= Leonard Guttridge =

English historian

Leonard Francis Guttridge (27 August 1918 – 7 June 2009) was an English historian and author.

== Biography ==
Guttridge was born on 27 August 1918 in Bournemouth, England. During World War II, he served as an aircraft mechanic in the British Royal Air Force. He immigrated to Washington, D.C., United States, in 1946, initially to work at the Indian Embassy.
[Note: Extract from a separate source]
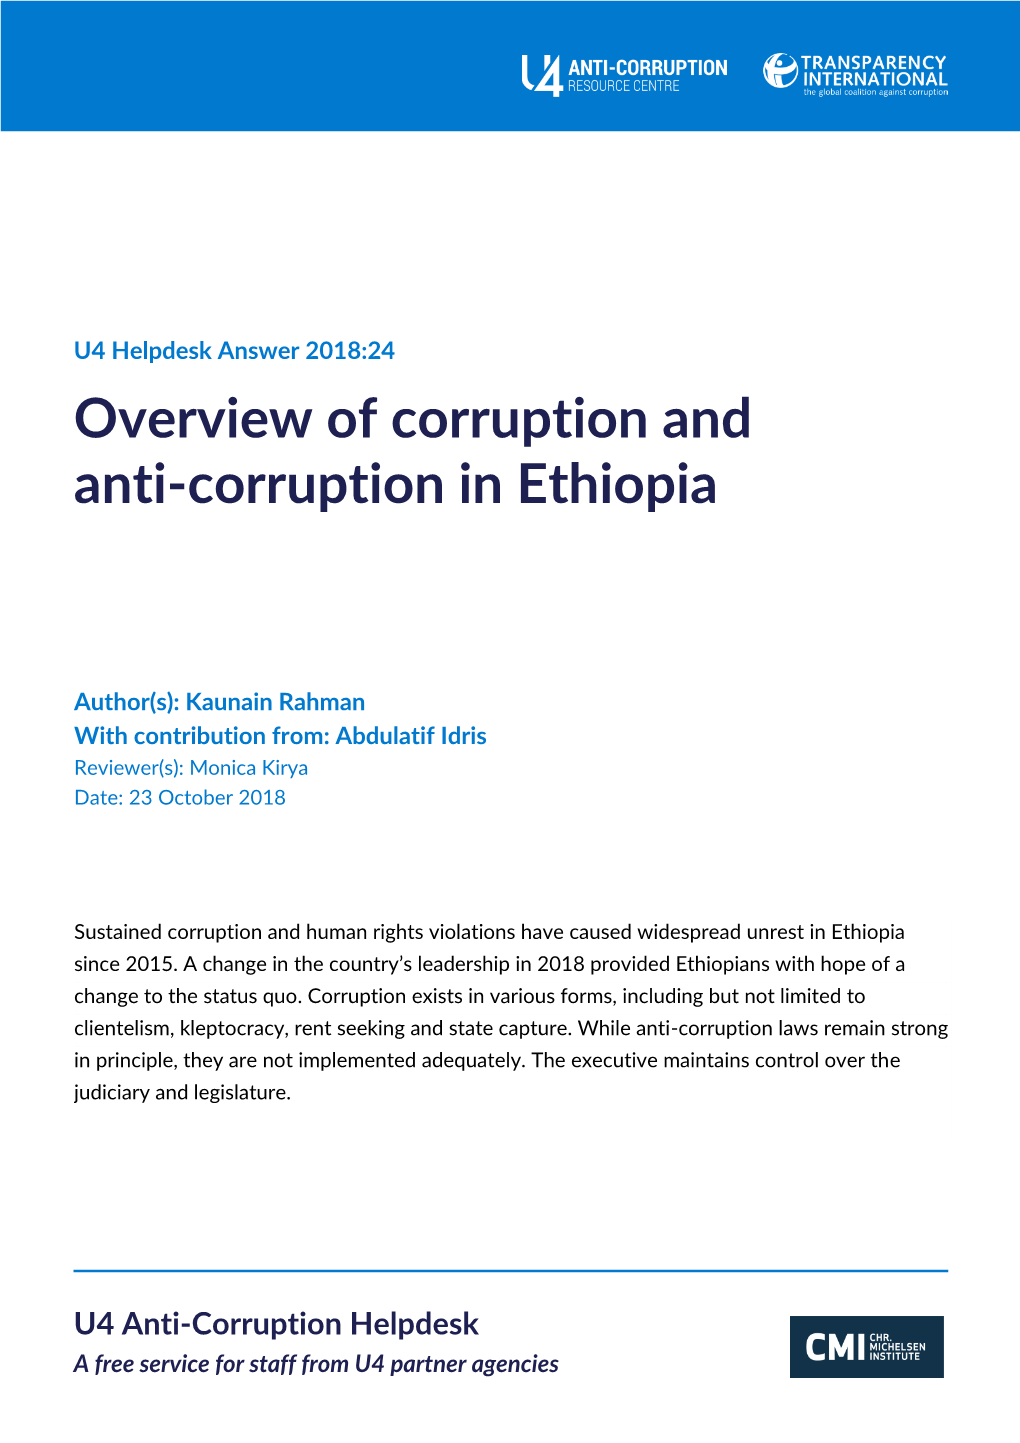 Overview of Corruption and Anti-Corruption in Ethiopia

His first book, Jack Teagarden: the Story of a Jazz Maverick, which he co-authored with Jay Smith, was published in 1960. His subsequent books included The Commodores (1969), also co-authored with Smith; The Great Coalfield War (1972), co-authored with George McGovern and based on McGovern's Ph.D. thesis regarding the Colorado Coalfield War, Icebound: The Jeannette Expedition's Quest for the North Pole (1986), and Dark Union: the Secret Web of the Profiteers, Politicians, and Booth Conspirators That Led to Lincoln's Death (2003), co-authored with Ray Neff. Dark Union describes multiple conspiracy theories surrounding the assassination of Abraham Lincoln. Among its controversial claims were that an individual named "Boyd" was killed at Garrett's farm, the location where John Wilkes Booth is generally considered to have been killed, and that Booth escaped. The book also asserts that Booth then traveled to India, changed his name to John B. Wilkes, and accumulated considerable wealth there before his death in 1883. Guttridge died on 7 June 2009 at St. Marys Health Center in Topeka, Kansas.